And that first eliminated player was Josh Keuhn from Twin Cities, who was whisked up to the booth to be the announcer, where he offered SFX from the laptop to accompany the random number draws.
And I forgot to mention that during the game of Expert Challenge Bron found the Hidden Benefit, which the players were only allowed to take from its hiding place while improvising. I’d question if she was really improvising in Expert Challenge when she took it, but she got it and it stayed with her.
With Josh eliminated I split the remaining players into 2 groups and we played Battle Scene. Two scenes from the same suggestion. Each group had to designate 1 player to be all the props in the scene. The first group had Rachel Kottcamp as the human prop, the second group had Rachel Garmon as the human prop, and the suggestion was Branson Missouri. Bron used 2 distinct character accents. The audience voted to save the second group and Erica Gooch of Philadelphia, who was voted by the audience safe into the second round, had her number randomly drawn. As a consolation prize I gave her an entire bottle of wine generously donated by Anne Etue, original CSz LA player and concessionaire extraordinaire. It was a strawberry shortcake wine or something. I gave it to Erica, with a bottle opener. James came and took the bottle opener from Erica, who sat in the front row, and left with it, saying, “It’s a screw-top.” I followed James to the lobby saying, “Give that back it’s from my Air BNB” and meanwhile Erica opened the bottle of wine and began swigging right from it, so the night was already fun.
In Cut the Comedy 1 from last year, Rachel Kottcamp was the second player eliminated from the game – although not by random number draw, as you remember, but by audience vote – and she was also given a bottle of wine, which she shared with the rest of the players as they were eliminated. I don’t remember Erica doing that but perhaps I am wrong.
The next round was Reboot, AKA Replay (I love having license to call these games whatever I want) and mostly I remember how silly the Vaudeville replay was. I’m not entirely sure what else was happening around now this part of the show. The next game was Monogram Slam (AKA What Are You Doing with all audience-initial suggestions) and Rachel won safety – not for her group of 4, but as an individual.

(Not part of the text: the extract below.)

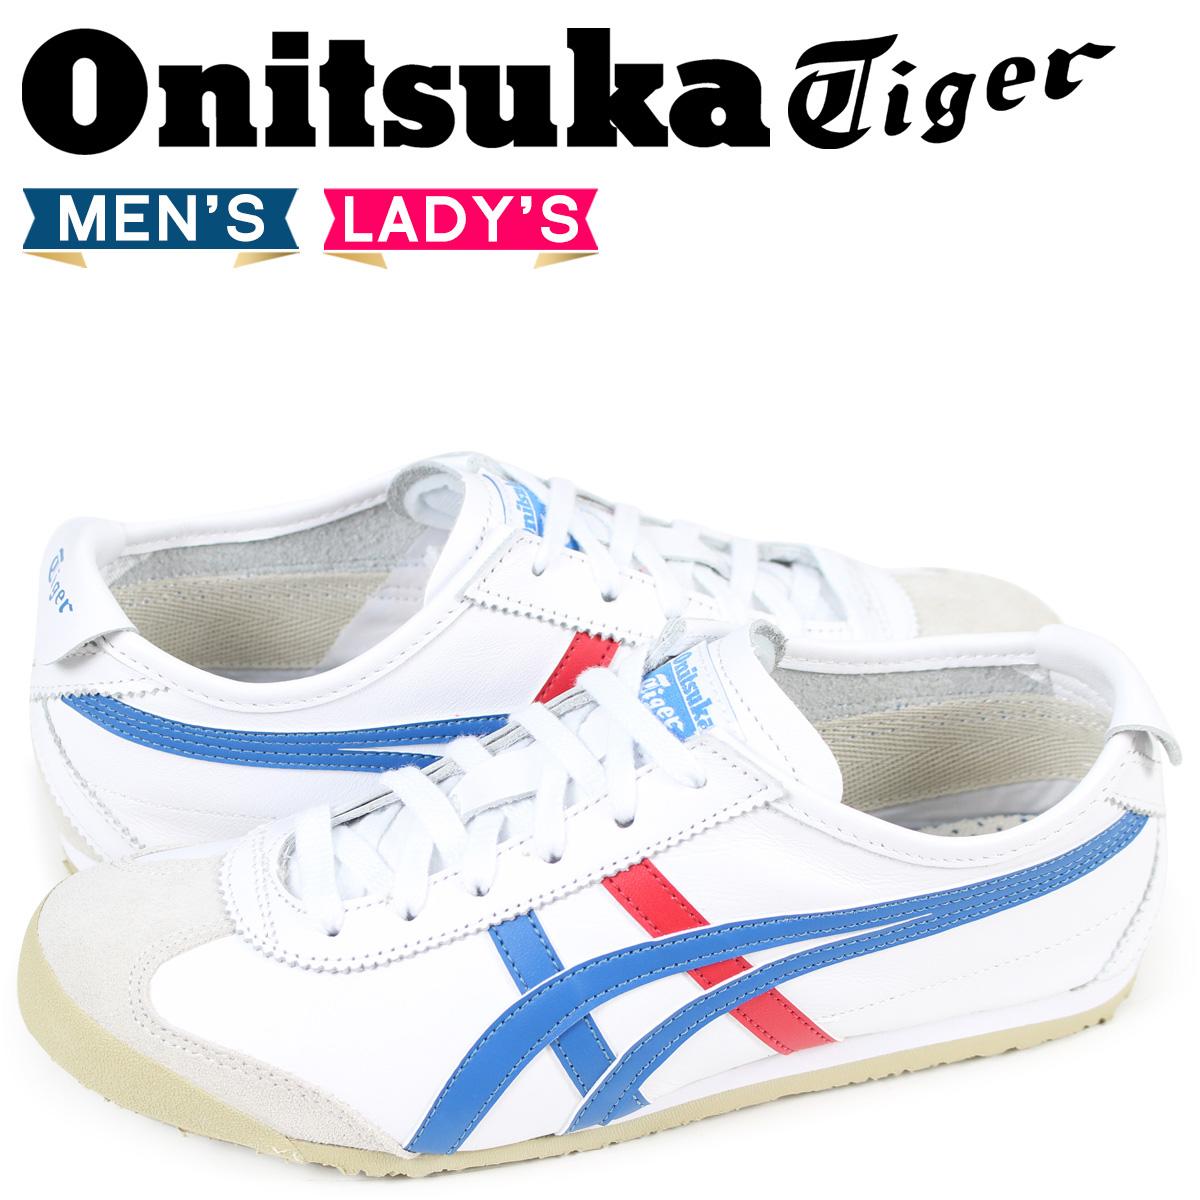 Onitsuka Tiger MEXICO 66 オニツカタイガー メキシコ 66 スニーカー メンズ レディース ホワイト 白 DL202-0146 THL202-0146 DL408-0146 [3/2 追加入荷]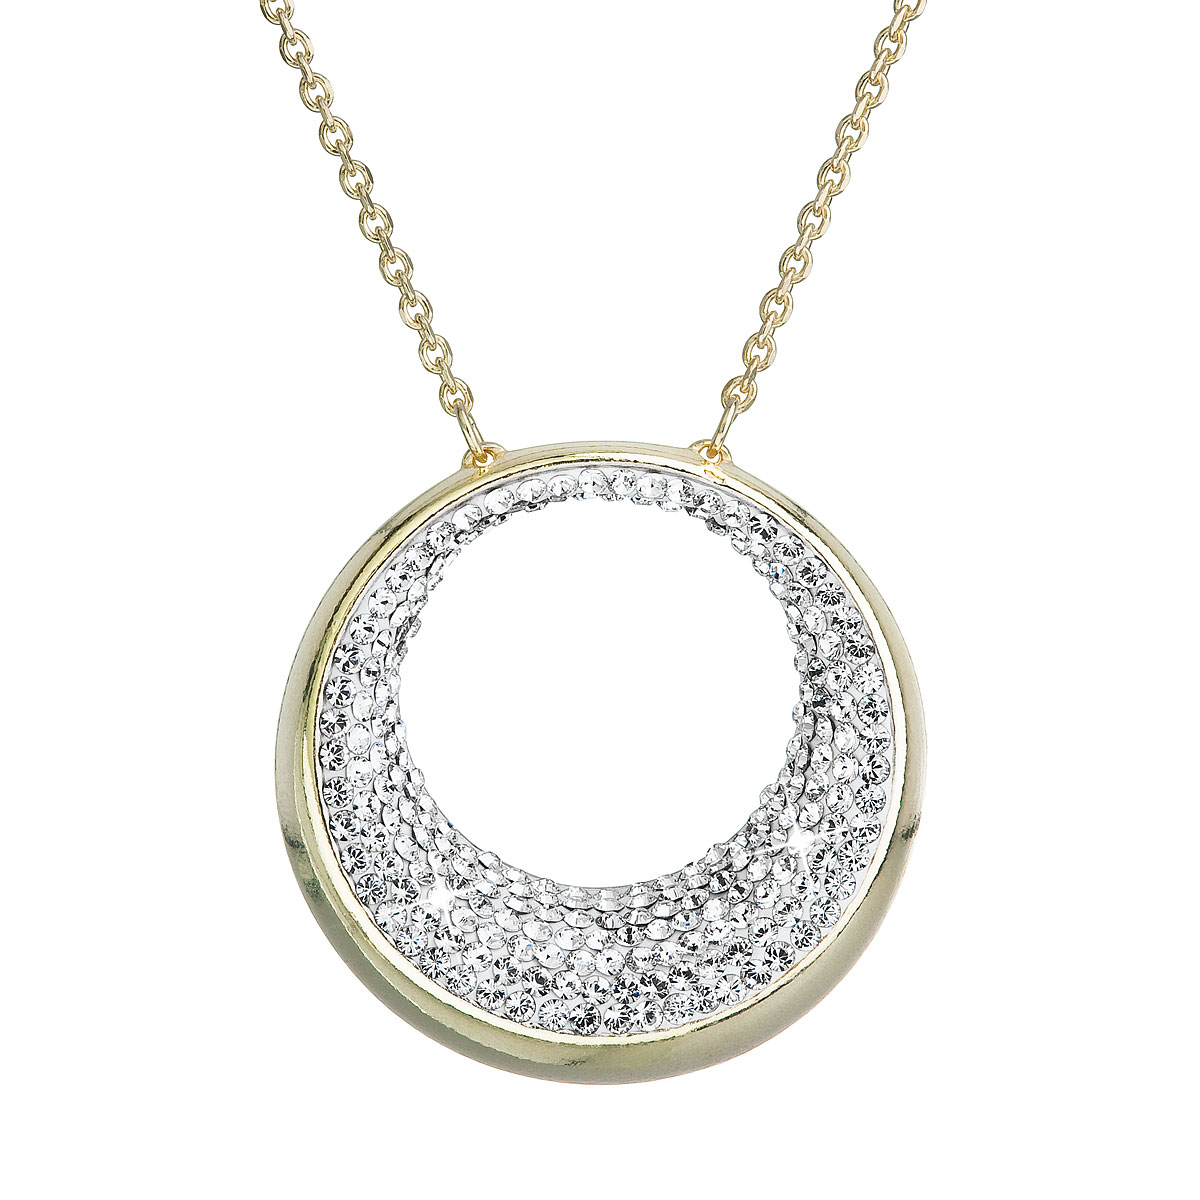 Evolution Group Stříbrný náhrdelník s krystaly Swarovski žlutý 32026.1

This is as good a time as any to tell you about the benefits. Bron’s benefit, which she found under a stool while (arguably) improvising, could give her a pass from the random-number draw – basically, safety through any one round. Rachel K’s Big Booty Benefit gave her the option to guess correctly who would win an audience vote. If her guess was right, Rachel would get safety INSTEAD of the vote winner. If she guessed wrong though there would be a penalty. (And if you really want to know what the penalty was – her card did not state it – it’s that she would be given 2 random numbers before the elimination, making her twice as likely as any other candidate to be selected).
So: here is Rachel Garmon, she has just won safety by prevailing in Mongram Slam, but I pull a Monty Hall and offer her a bargain. She can GIVE UP safety and allow herself to be put into the random number draw, and in exchange she would receive the third and final benefit in the game. With an adventurer’s spirit, she took the deal. The audience voted 1 player safe and a random number was drawn. Rachel Garmon’s number did not come up, so her gamble paid off.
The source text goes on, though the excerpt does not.